#### Recorded data

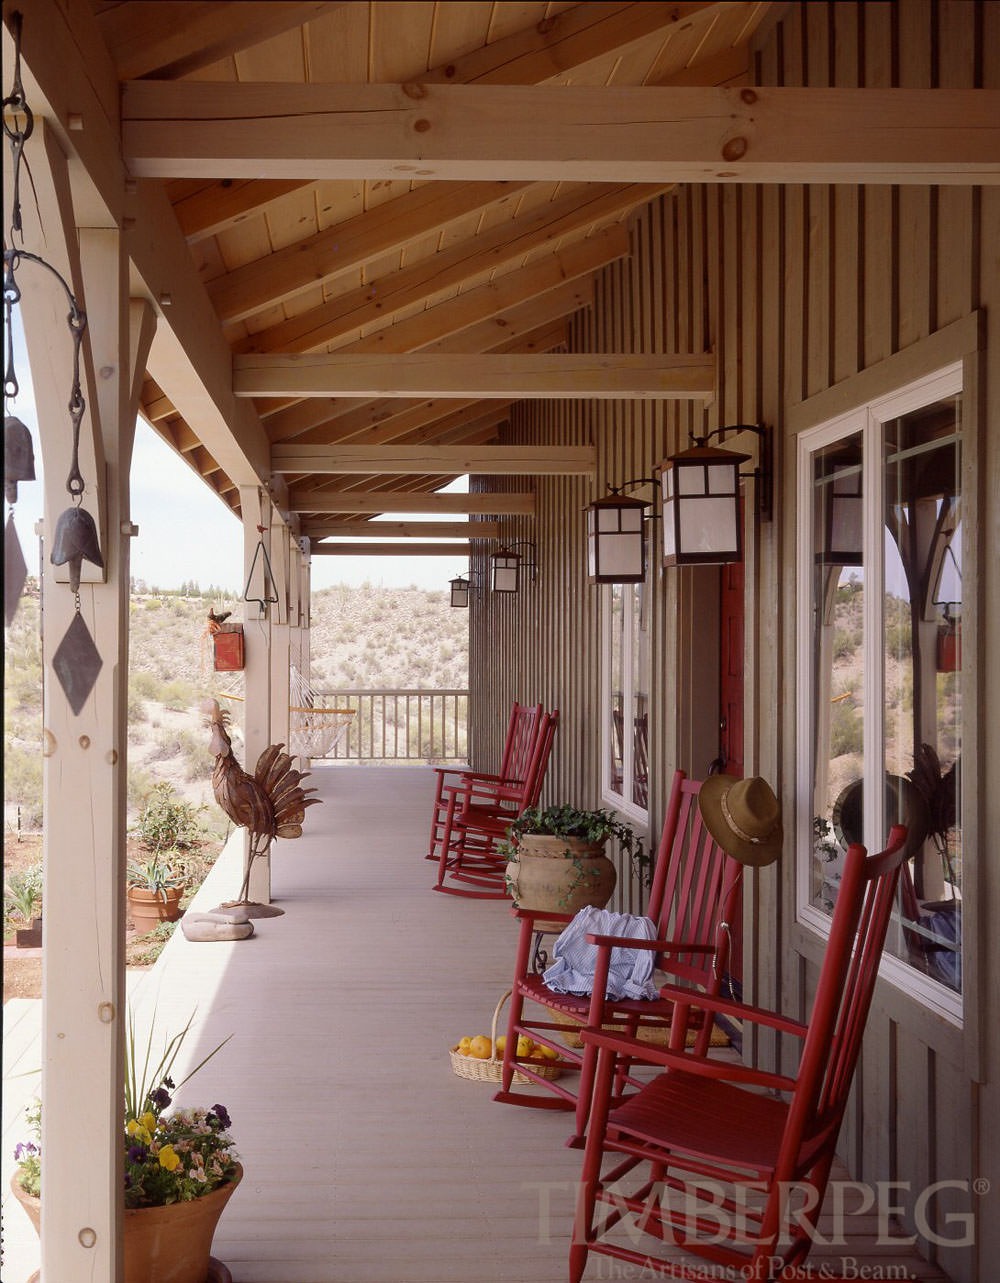 Wickenburg, AZ (3962) exterior view of porch
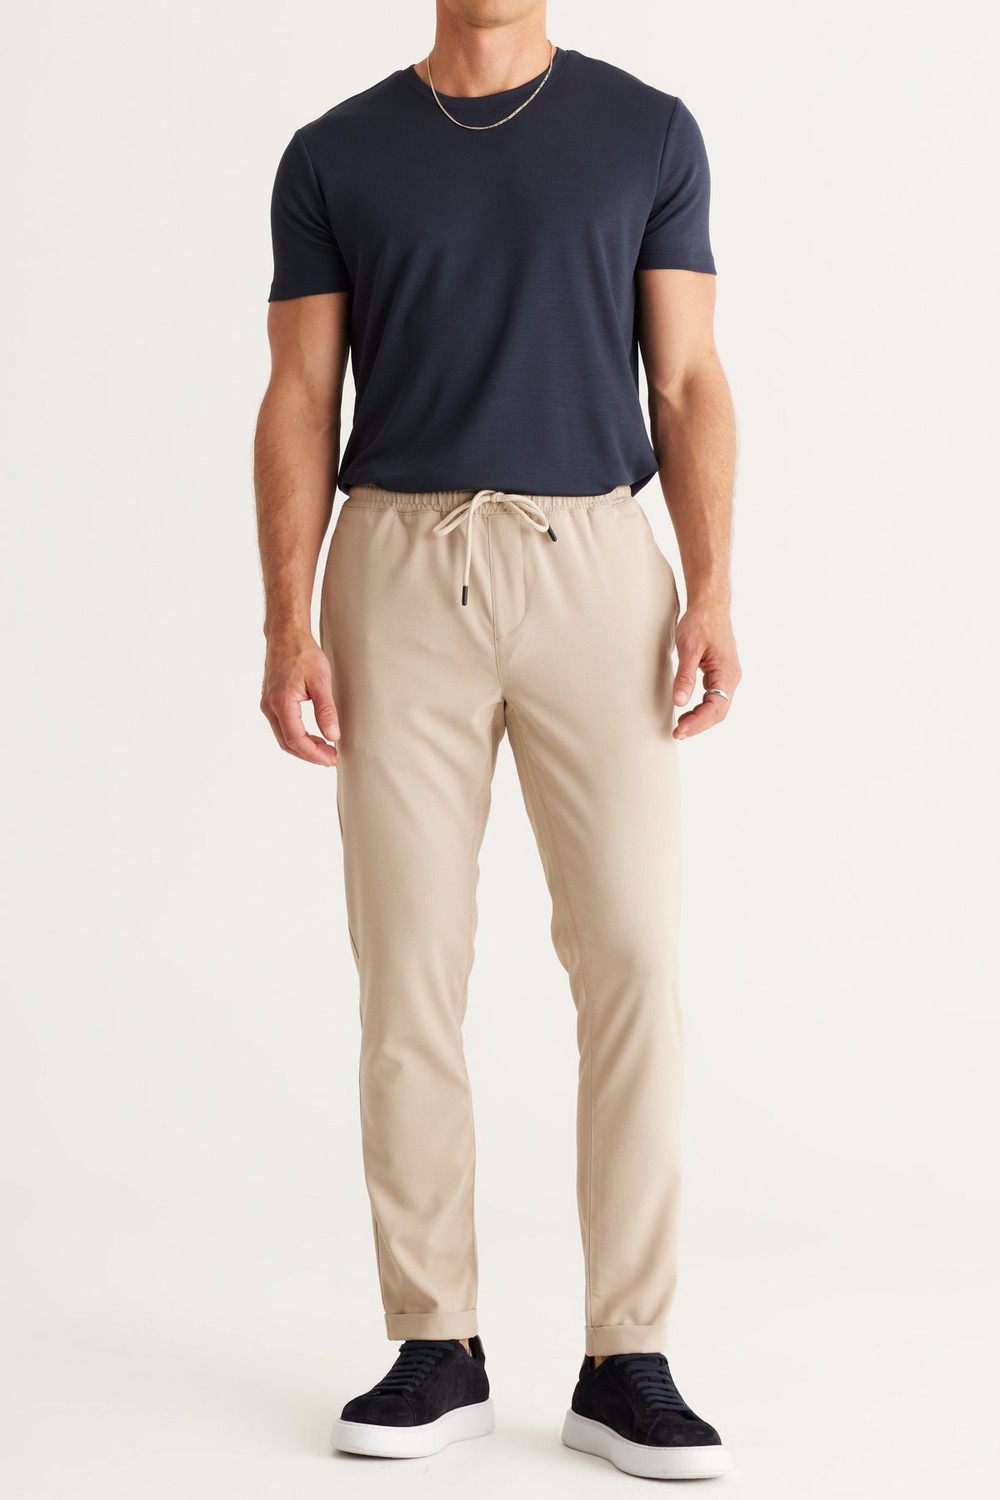 AC&Co / Altınyıldız Classics Men's Beige Slim Fit Casual Cut Jogger Pants with Tie Waist Side Pockets.
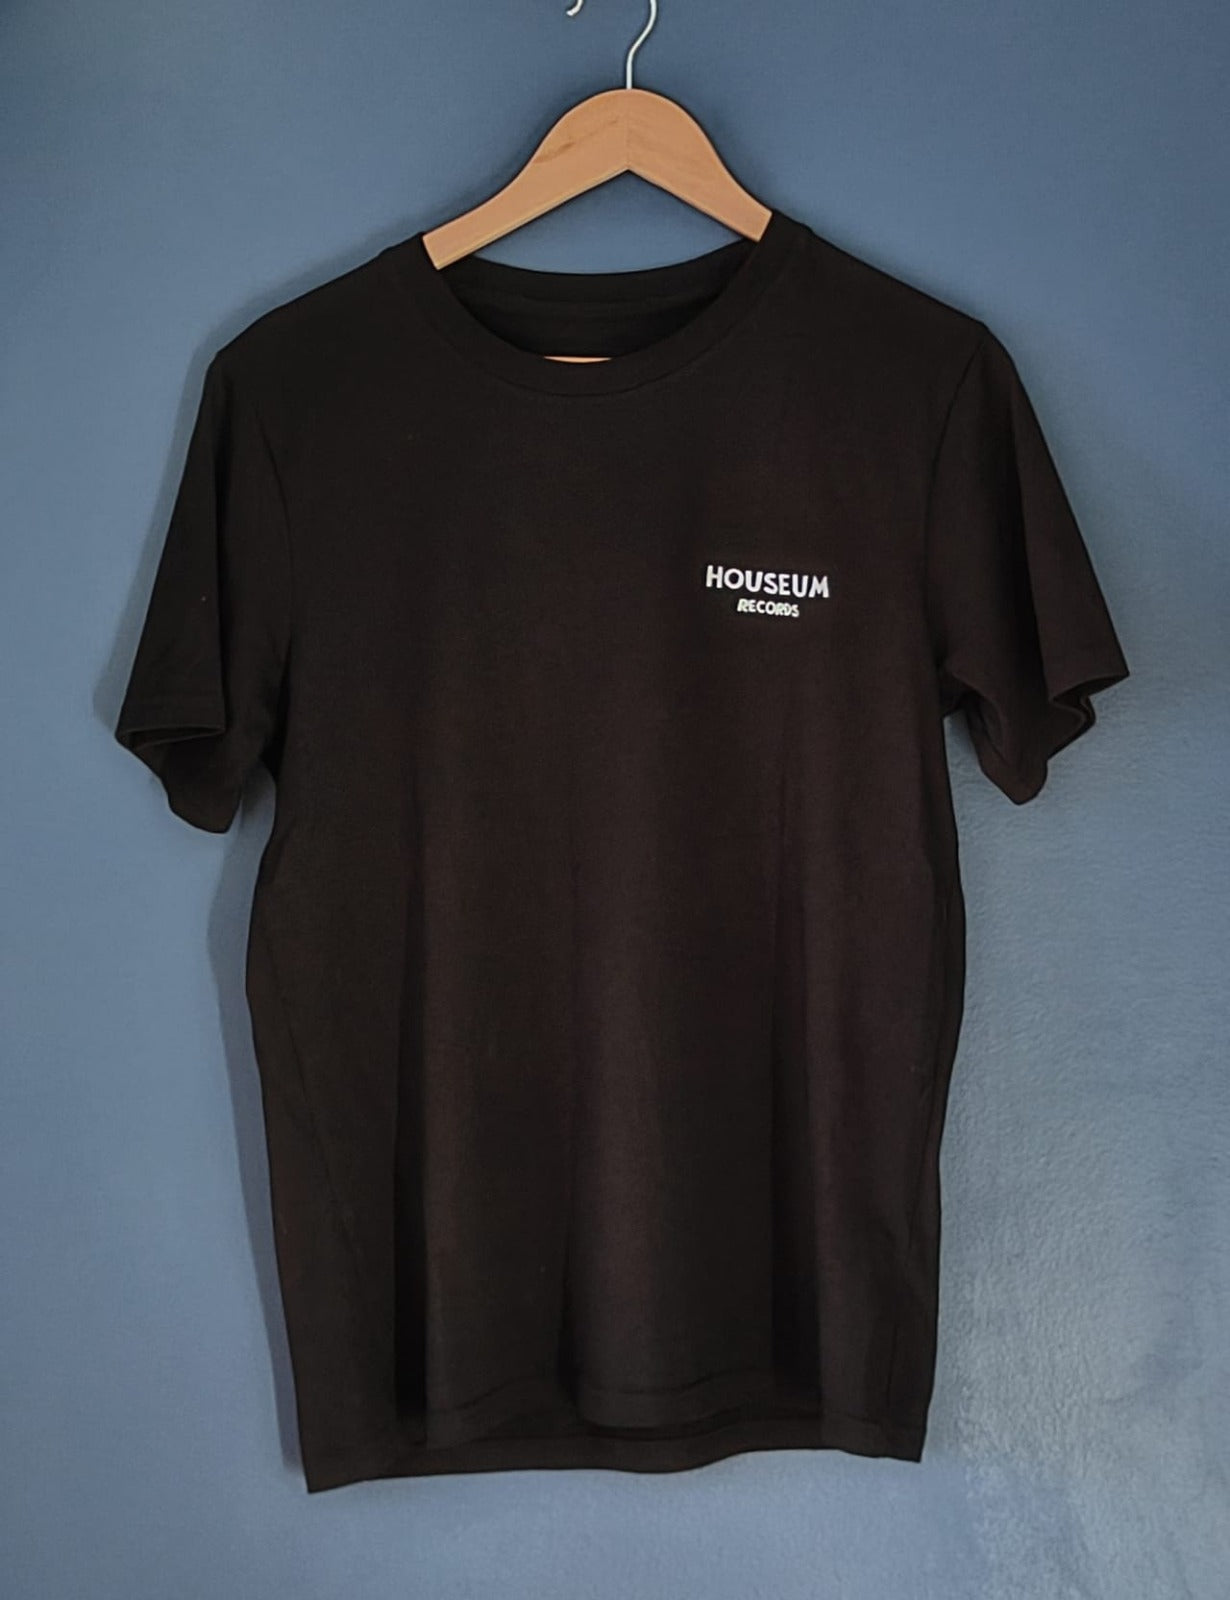 Houseum Records Black T-Shirt
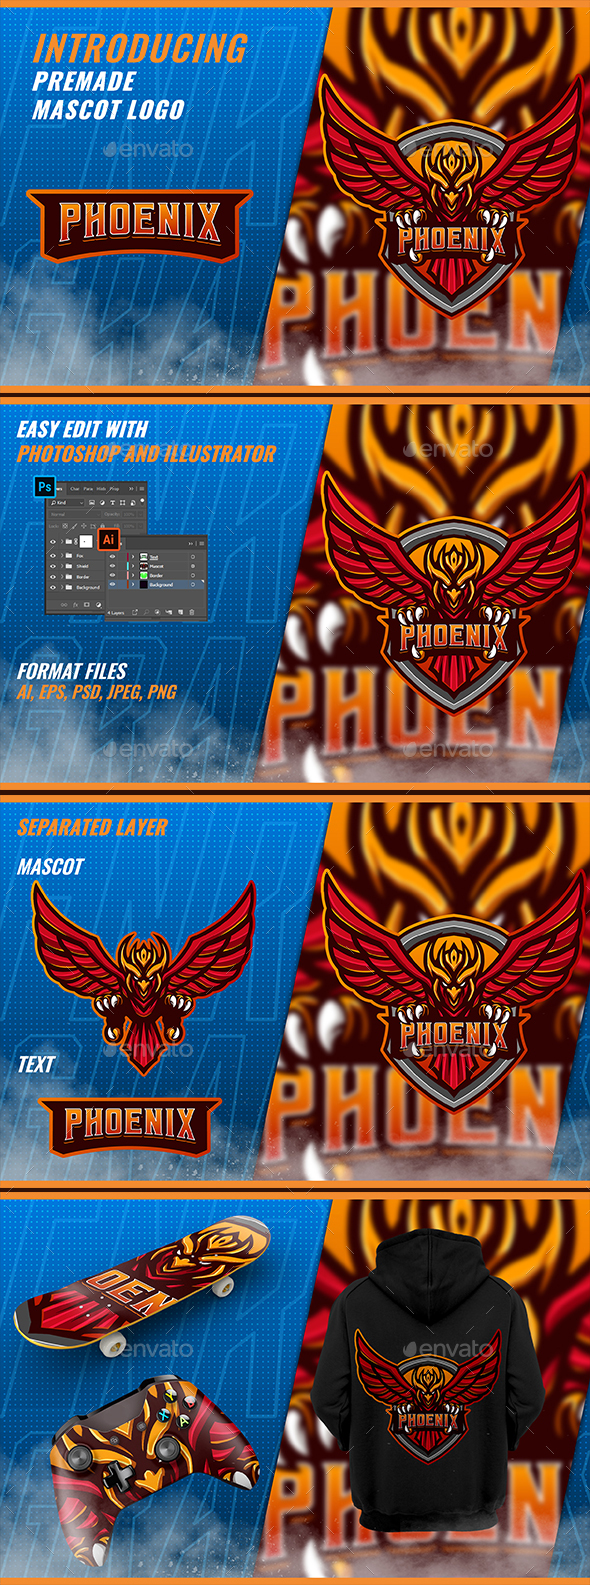 Guardian Phoenix - Mascot Esport Logo Template

########

Assignment => Keep the pictures out and transcribe the listing exactly.

Response =>
 Wickenburg, AZ (3962) exterior view of porch
 AC&Co / Altınyıldız Classics Men's Beige Slim Fit Casual Cut Jogger Pants with Tie Waist Side Pockets.
 Houseum Records Black T-Shirt
 Guardian Phoenix - Mascot Esport Logo Template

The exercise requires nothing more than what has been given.